More than a third of private-sector workers lack access to a workplace retirement plan. For many small-business owners, in particular, offering a retirement savings plan isn’t simple. They must select a plan, document it, hire a trustee, create a record-keeping system, and accept a fiduciary duty to their participants. As a consequence, just over 50 percent of small-business employees have access to a workplace retirement plan, compared to nearly 90 percent of employees at large companies.

The RESA legislation would enable the creation of pooled employer plans, which would reduce the burden for small businesses that decide to offer their employees a retirement savings option. These plans would also allow small businesses to pool their buying power into a single professionally managed plan, affording them the economies of scale and investment opportunities of much larger companies. Such an approach could help millions of Americans save for the future at a low cost to their employers.

Encourage auto-enrollment and auto-escalation features in retirement plans

Among other incentives, RESA would create a new tax credit for small employers to incentivize the adoption of automatic enrollment in workplace retirement plans. A quarter of those with access to a workplace plan choose not to participate, and others persistently contribute at levels far below what is recommended, largely due to inertia. More plans adopting automatic features will move the savings needle in the right direction.

Encourage lifetime income options.

According to the Employee Benefit Research Institute, 43 percent of Gen Xers and baby boomers are at risk of outliving their savings. RESA would move toward mitigating that risk by making lifetime income products, such as annuities, more portable for workers, and reducing the legal burden for employers that choose to offer such options to their employees.

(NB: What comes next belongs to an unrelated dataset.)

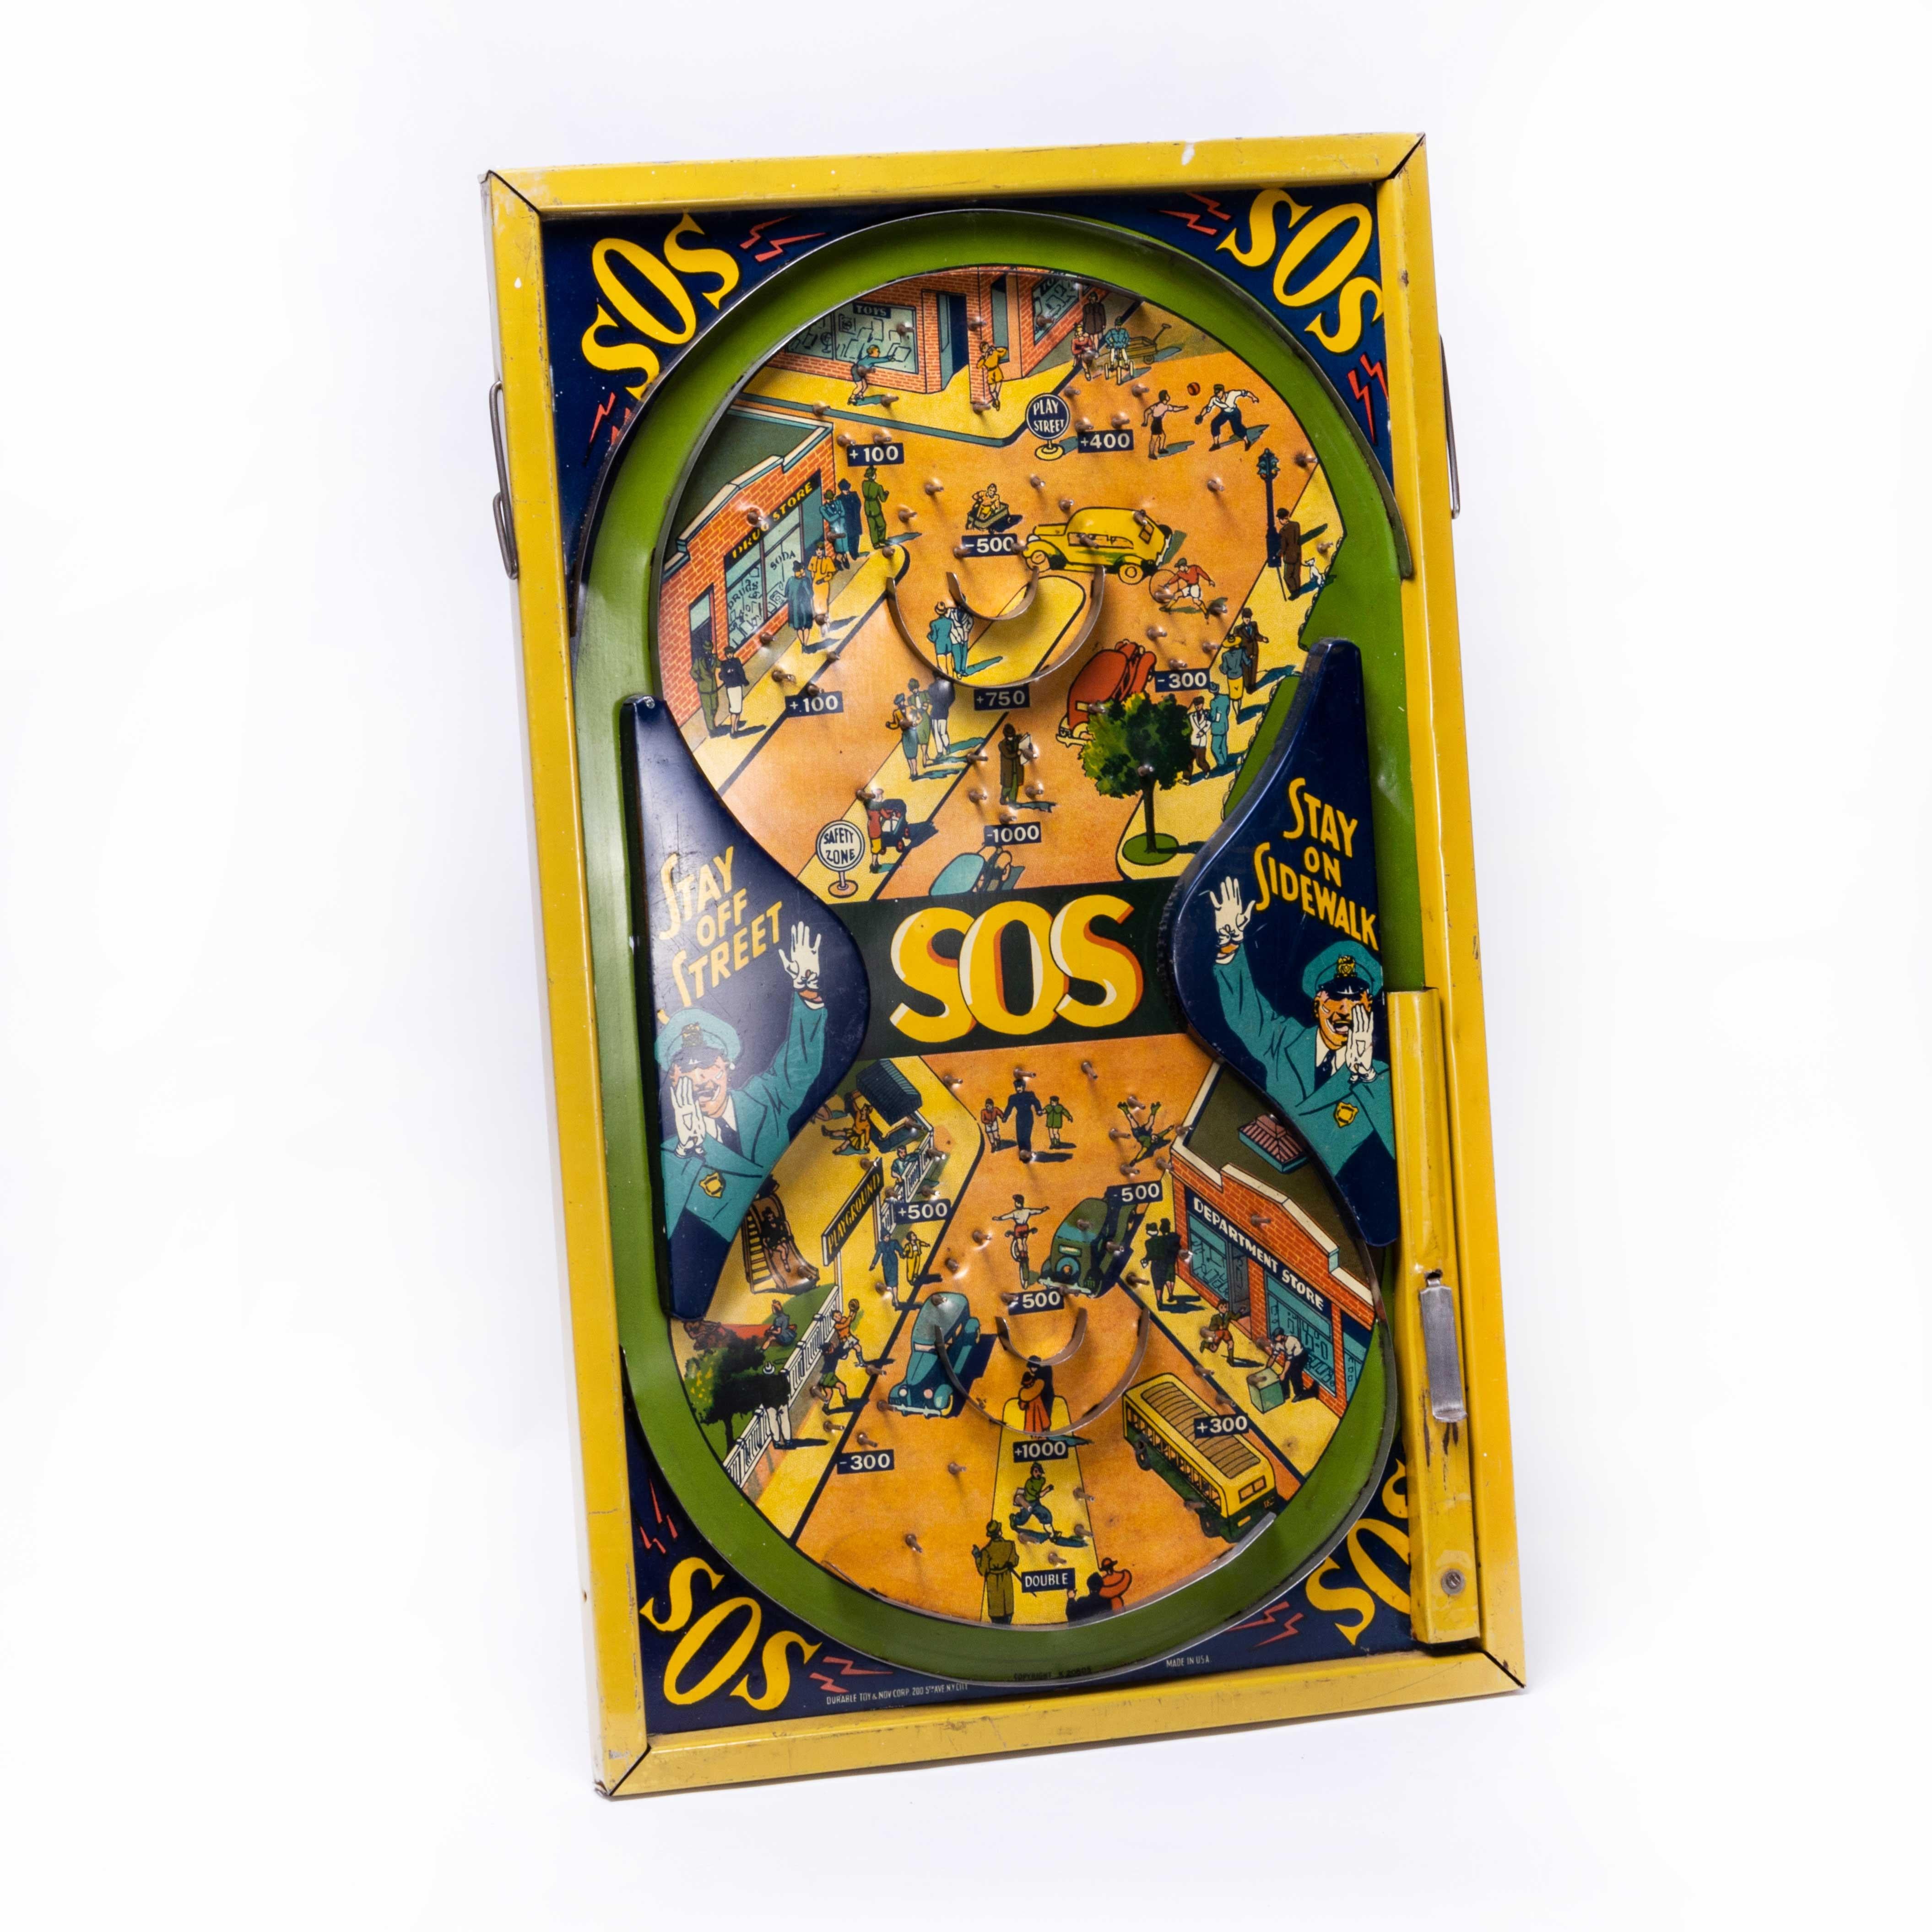 Rare American mid-century SOS Pinball Game – Bagatelle
Rare American mid-century SOS Pinball Game – Bagatelle. Pinball game still in full working order. Made in America. Sold as a decorative item but in reasonable working order for a very old

Passing RESA would be an easy win for Congress and the American public. It is a ready-made opportunity to address the country’s growing retirement challenges. But it is far from the only bipartisan solution. A recent package of bills co-sponsored by four senators — Cory Booker, D-N.J., Tom Cotton, R-Ark., Heidi Heitkamp, D-N.D., and Todd Young, R-Ind. — would further improve access to well-designed retirement plans, help Americans save for short-term emergencies, and reduce early withdrawals from retirement accounts.

We are grateful that even in these politically polarized times, bold lawmakers are willing to put partisanship aside for the good of all Americans striving for a secure retirement. Members of Congress have an opportunity to exceed “lame duck” expectations and show the public that they can still make progress on a critical issue. We hope they seize it.

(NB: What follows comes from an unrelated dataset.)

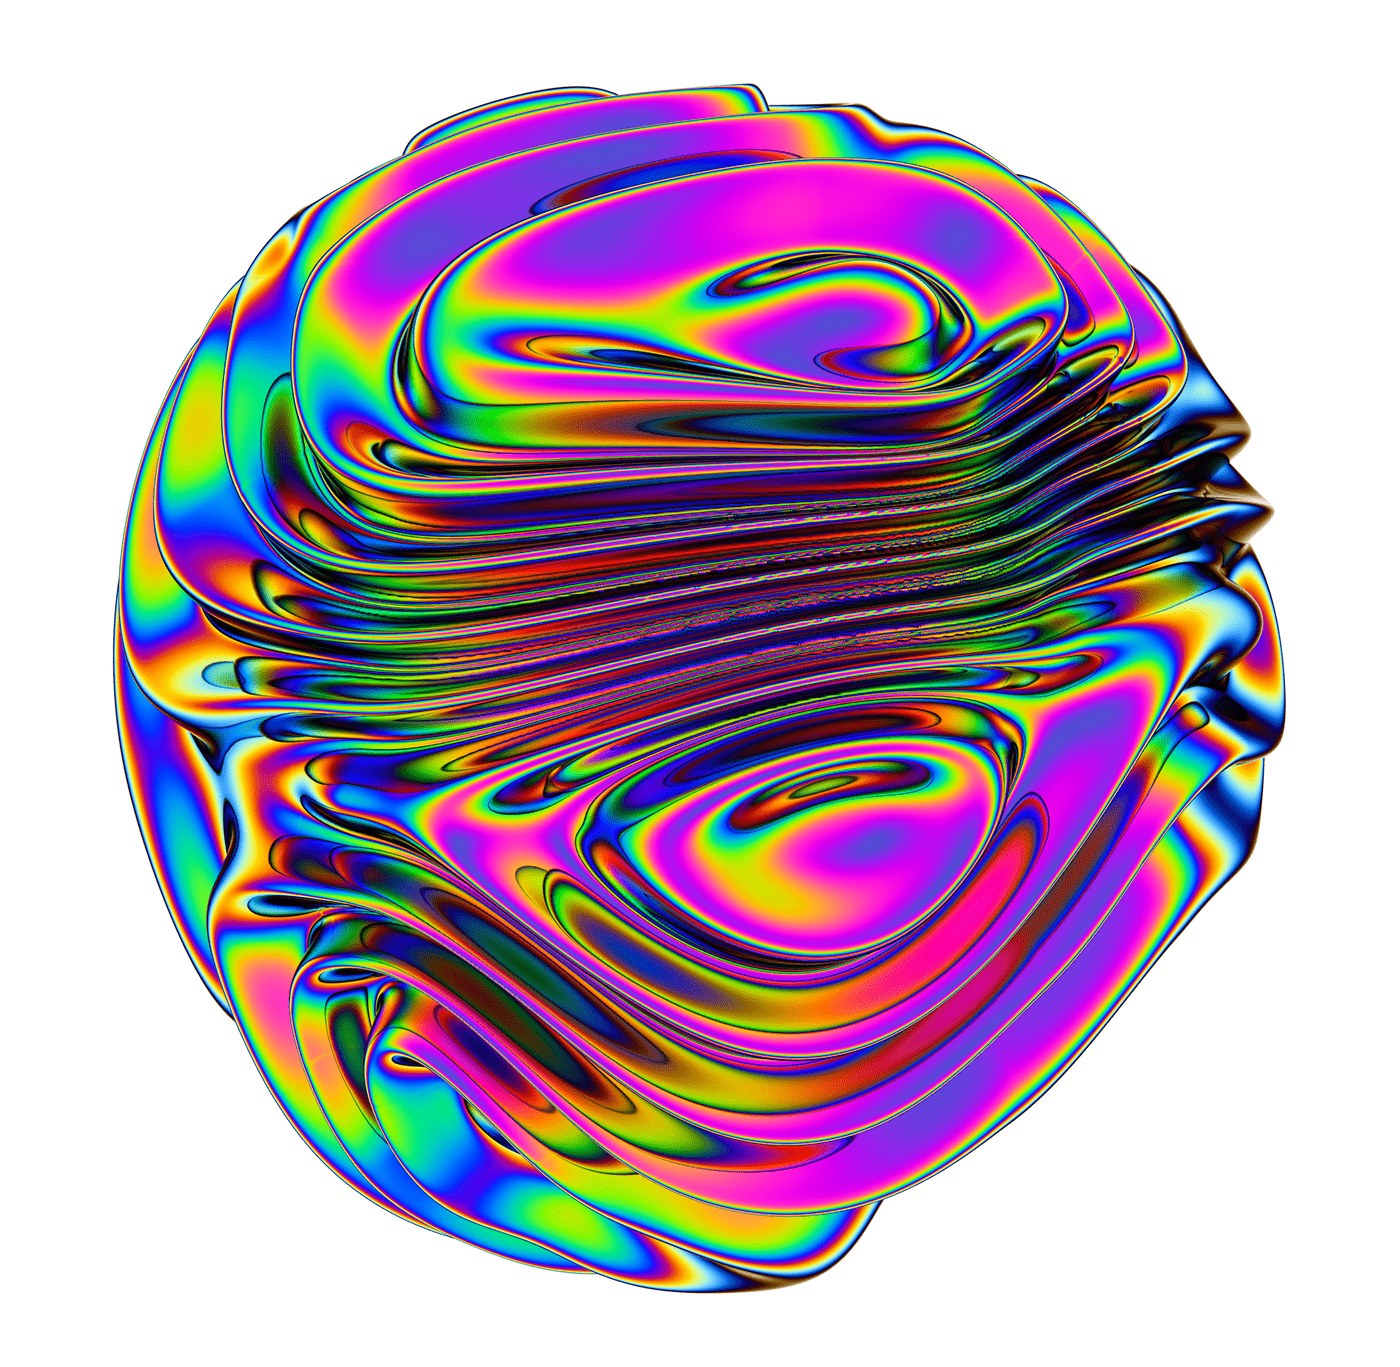 80s 90s art cool Glitch gradient holographic Melt sphere surreal

Kent Conrad, a former Democratic senator from North Dakota, and James B. Lockhart III, a former deputy commissioner and chief operating officer of the Social Security Administration under the George W. Bush administration, are both co-chairs of the Bipartisan Policy Center’s Commission on Retirement Security and Personal Savings.

The Bipartisan Policy Center is a D.C.-based think tank that actively promotes bipartisanship. BPC works to address the key challenges facing the nation through policy solutions that are the product of informed deliberations by former elected and appointed officials, business and labor leaders, and academics and advocates from both ends of the political spectrum. BPC is currently focused on health, energy, national security, the economy, financial regulatory reform, housing, immigration, infrastructure, and governance. Follow BPC on Twitter or Facebook.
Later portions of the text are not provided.